START Supplied material

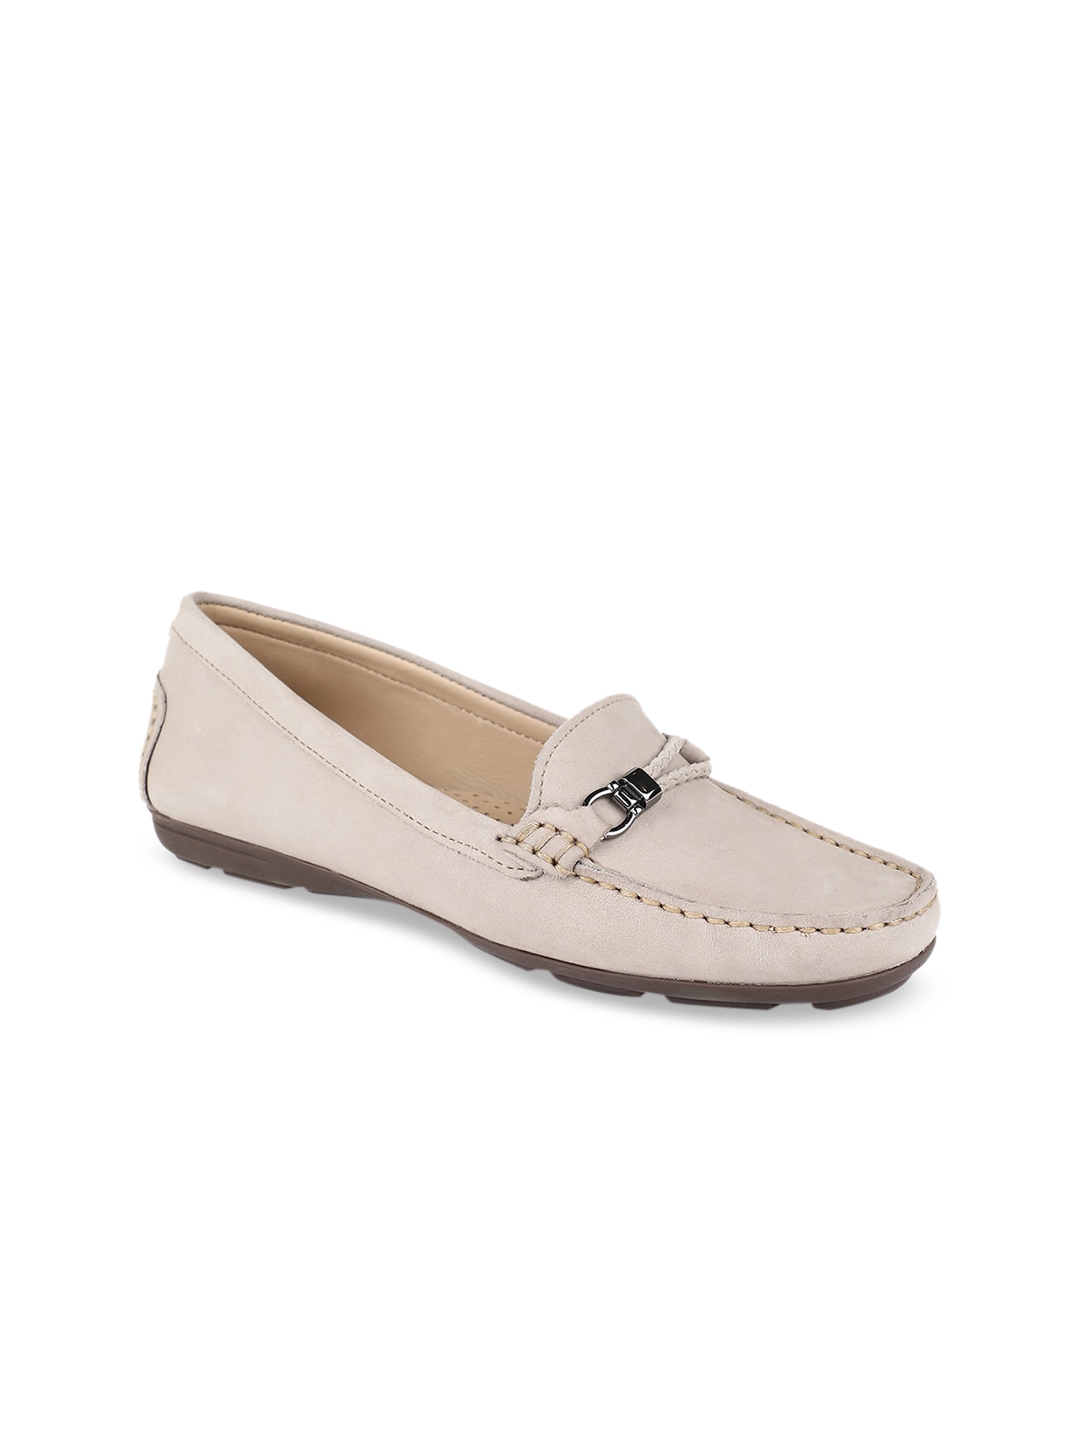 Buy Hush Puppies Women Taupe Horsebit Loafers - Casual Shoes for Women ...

END Supplied material
START Supplied material

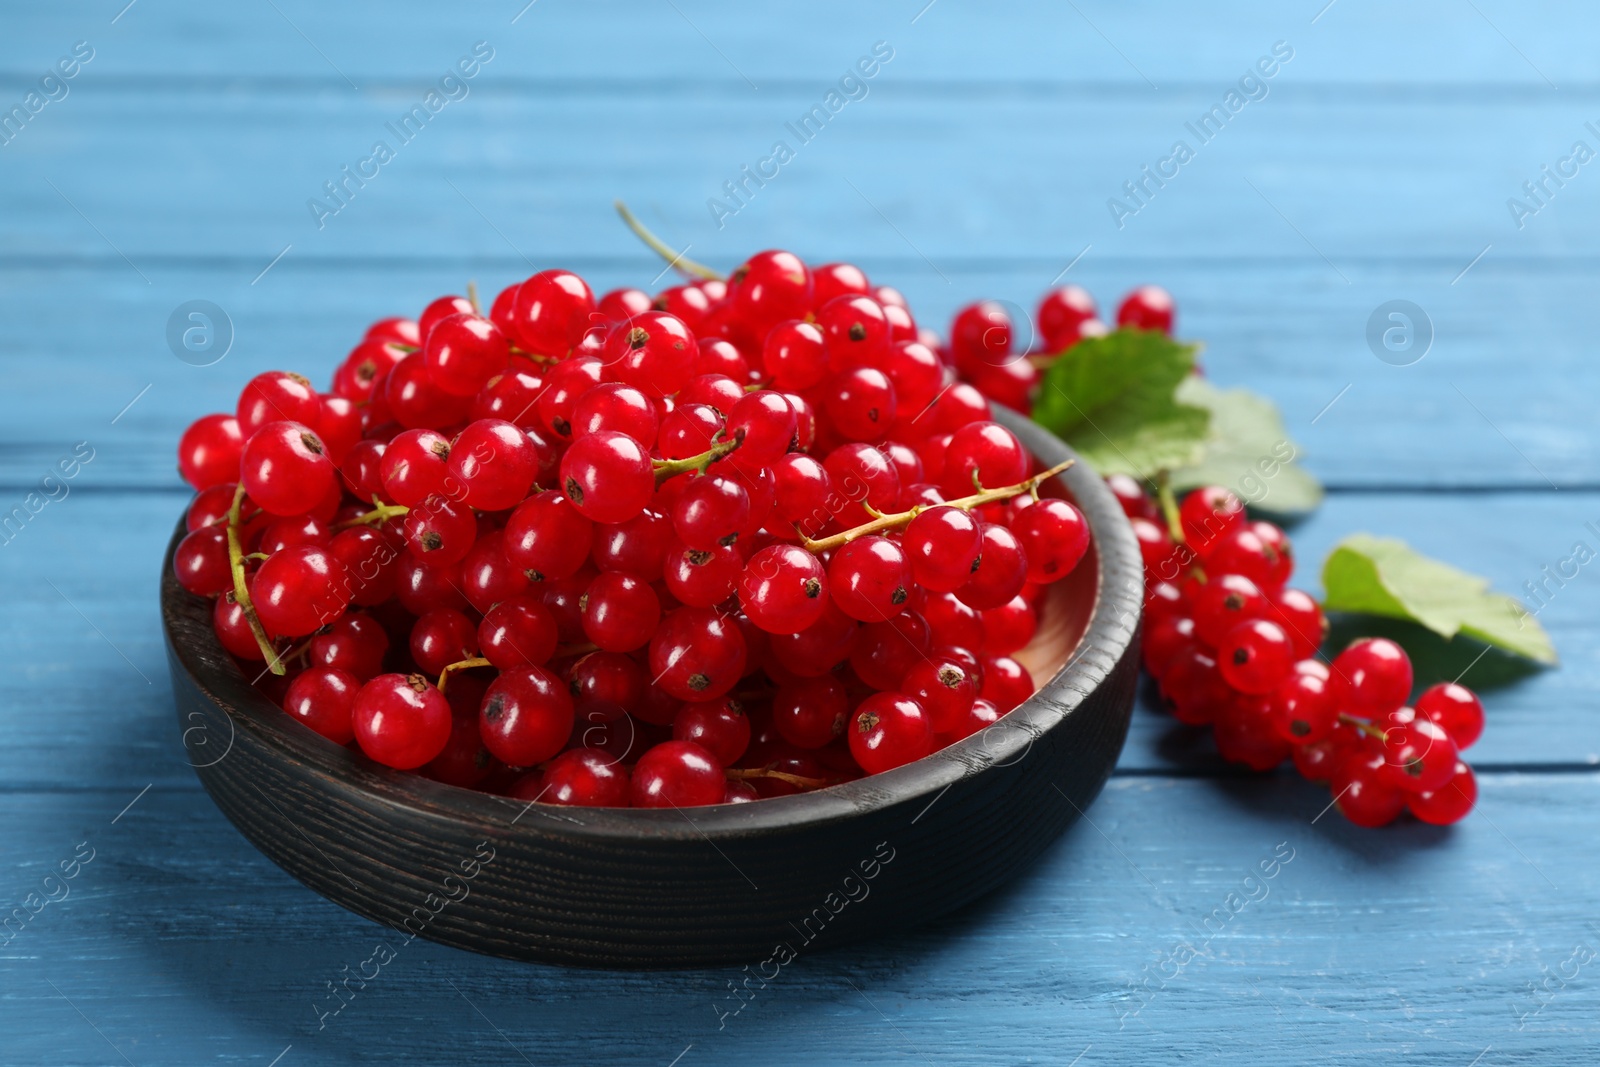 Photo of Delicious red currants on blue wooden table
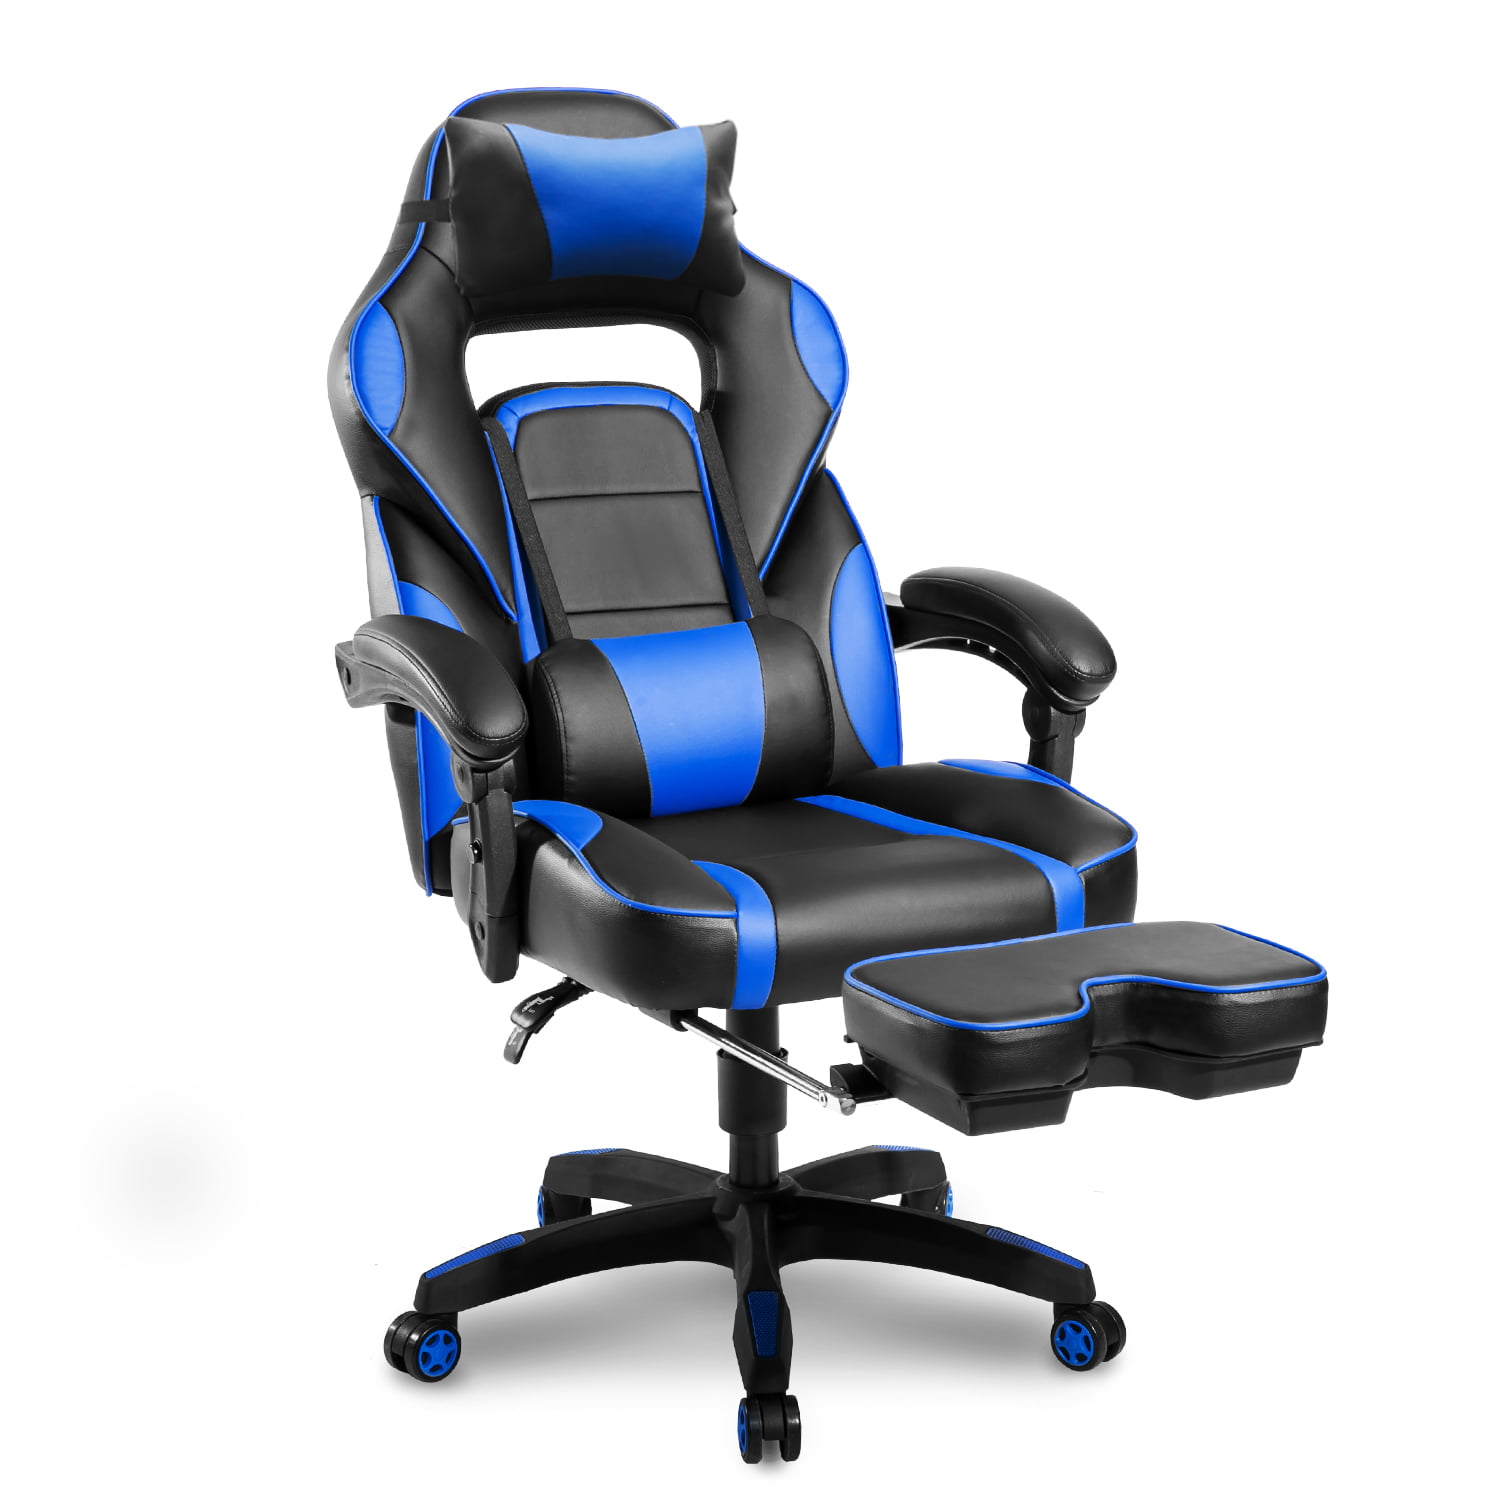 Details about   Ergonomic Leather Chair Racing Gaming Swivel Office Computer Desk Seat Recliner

END Supplied material
START Supplied material

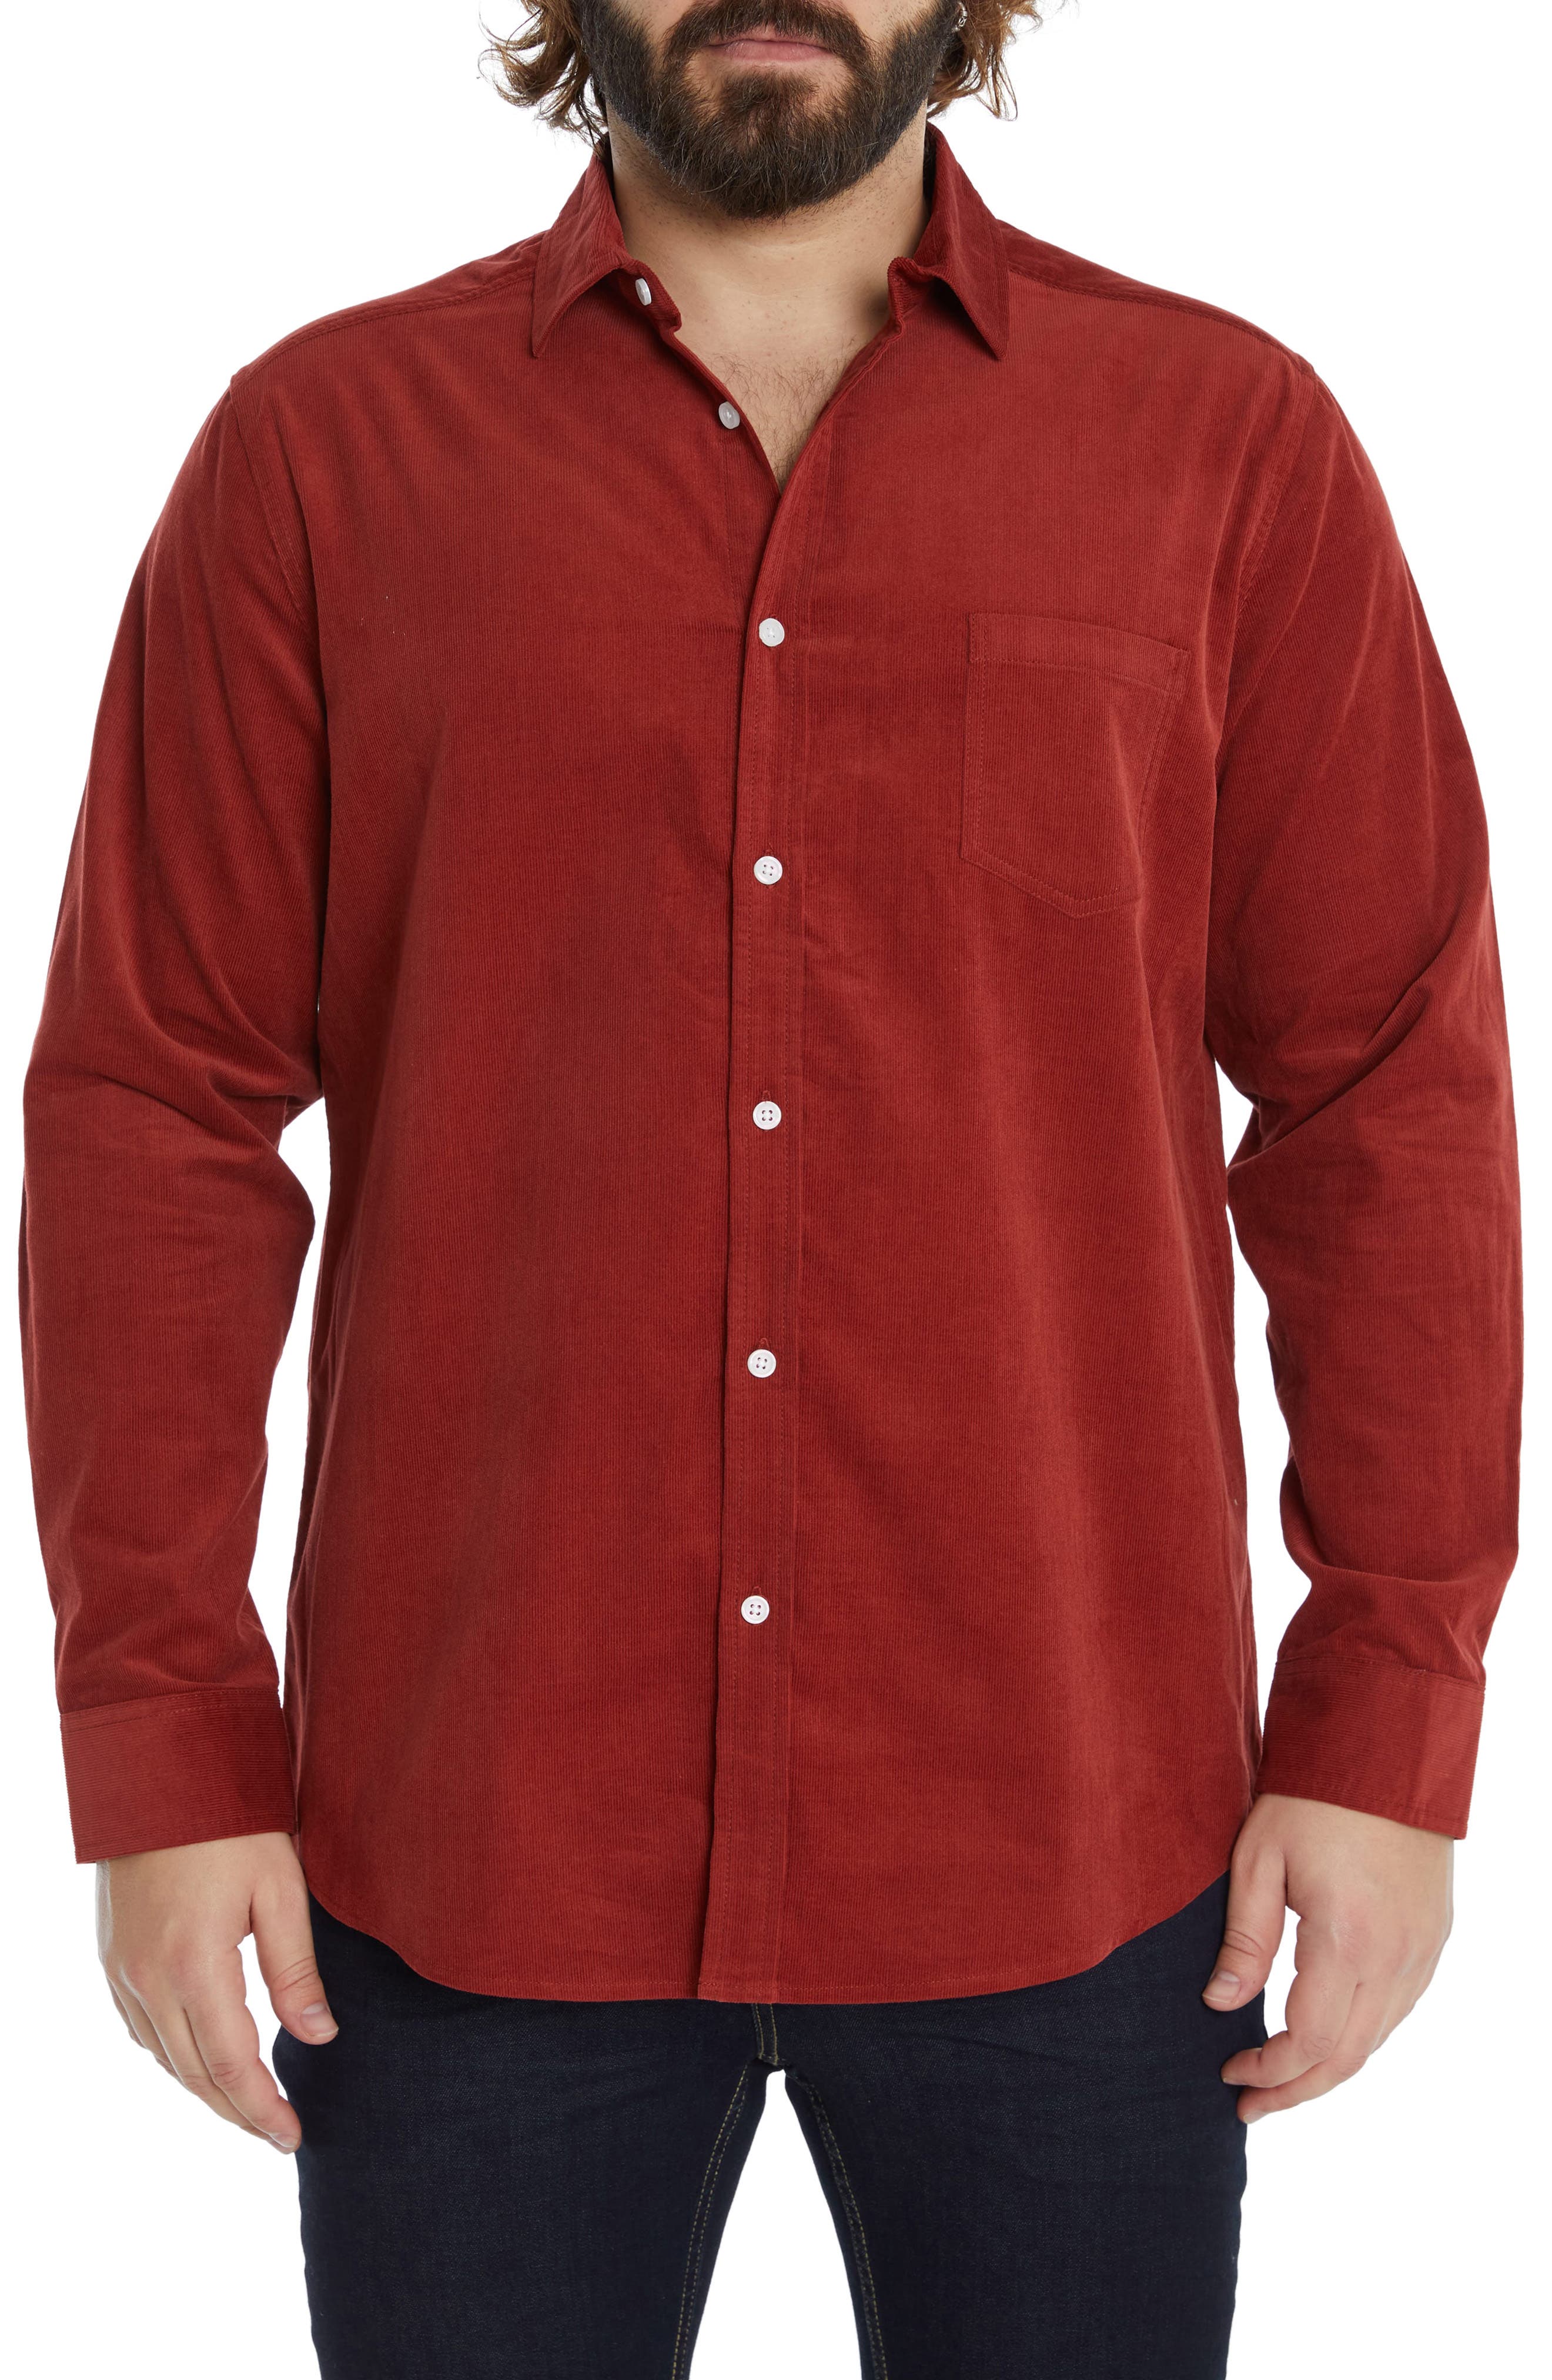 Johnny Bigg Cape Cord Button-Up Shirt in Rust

END Supplied material

(Aim of the task) Beginning at the line above that contains "Photo of Delicious" and going on through the line that contains "Desk Seat Recliner", please copy every line exactly, leaving the pictures out and adding nothing.

(Written answer)
 Photo of Delicious red currants on blue wooden table
 Details about   Ergonomic Leather Chair Racing Gaming Swivel Office Computer Desk Seat Recliner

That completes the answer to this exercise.